This list just scratches the surface. Executive overreach has become standard fare, whether on immigration or environmental regulations. The Obama administration’s penchant for controlling leaks, a lack of transparency, and a war on journalists has been noted by the likes of former Washington Post executive editor Len Downie Jr. who said “The [Obama] administration’s war on leaks and other efforts to control information are the most aggressive I’ve seen since the Nixon administration leaks,” and New York Times reporter David Sanger who said, “This is the most closed, control-freak administration I’ve ever covered.” James Risen of the Times added that the Obama administration has been “the greatest enemy of press freedom that we have encountered in at least a generation.”

The administration’s Middle East policies have been a disaster, if not scandalous. Just look at the growing threat from the Islamic State (ISIS) and other radical jihadist Muslim groups.
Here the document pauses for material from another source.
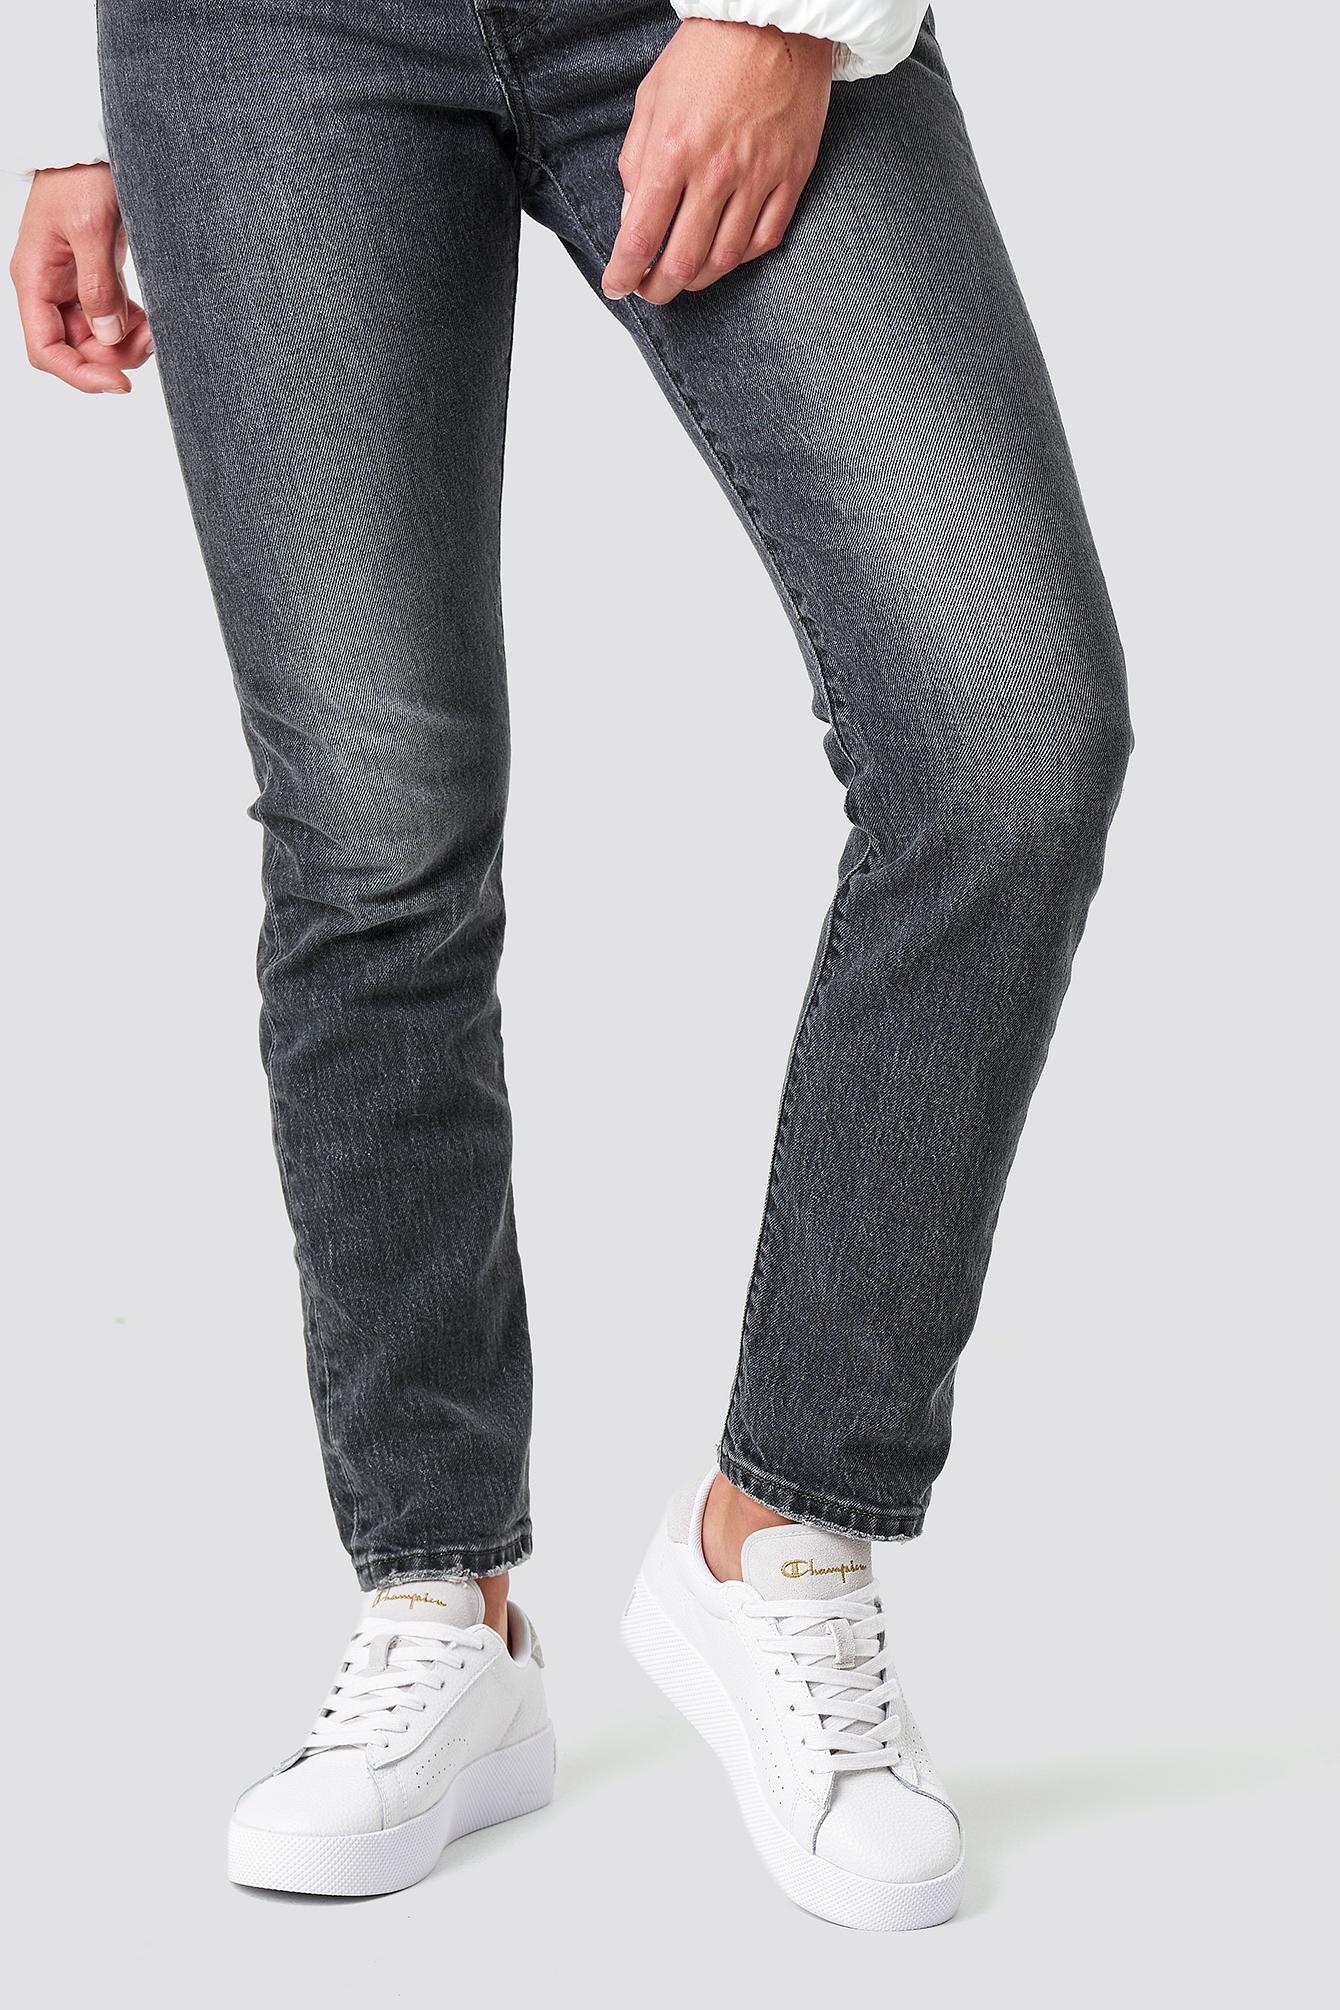 Era Leather Sneaker S10535 NA-KD.COM

More than 200,000 have been killed in Syria, Libya has become a jihadist playground, described by former CIA officer Bob Baer as “Mad Max,” and Yemen, as recently as September held up as example of where Obama’s foreign policy is working, has seen a coup by Iranian backed jihadists. And looming over all of this is the unfolding, outright appeasement of an Iran with nuclear aspirations.

What unifies all of these scandals and lies is how our news media have looked past all the administration’s corruption, treating, these occurrences as discrete, minor grievances, gaffes—or even conservative or Republican political maneuvering. This means that the constant lies by the administration, and President Obama himself, can be made with impunity. The media simply will not hold President Obama, or any of his associates who might tarnish his reputation, accountable.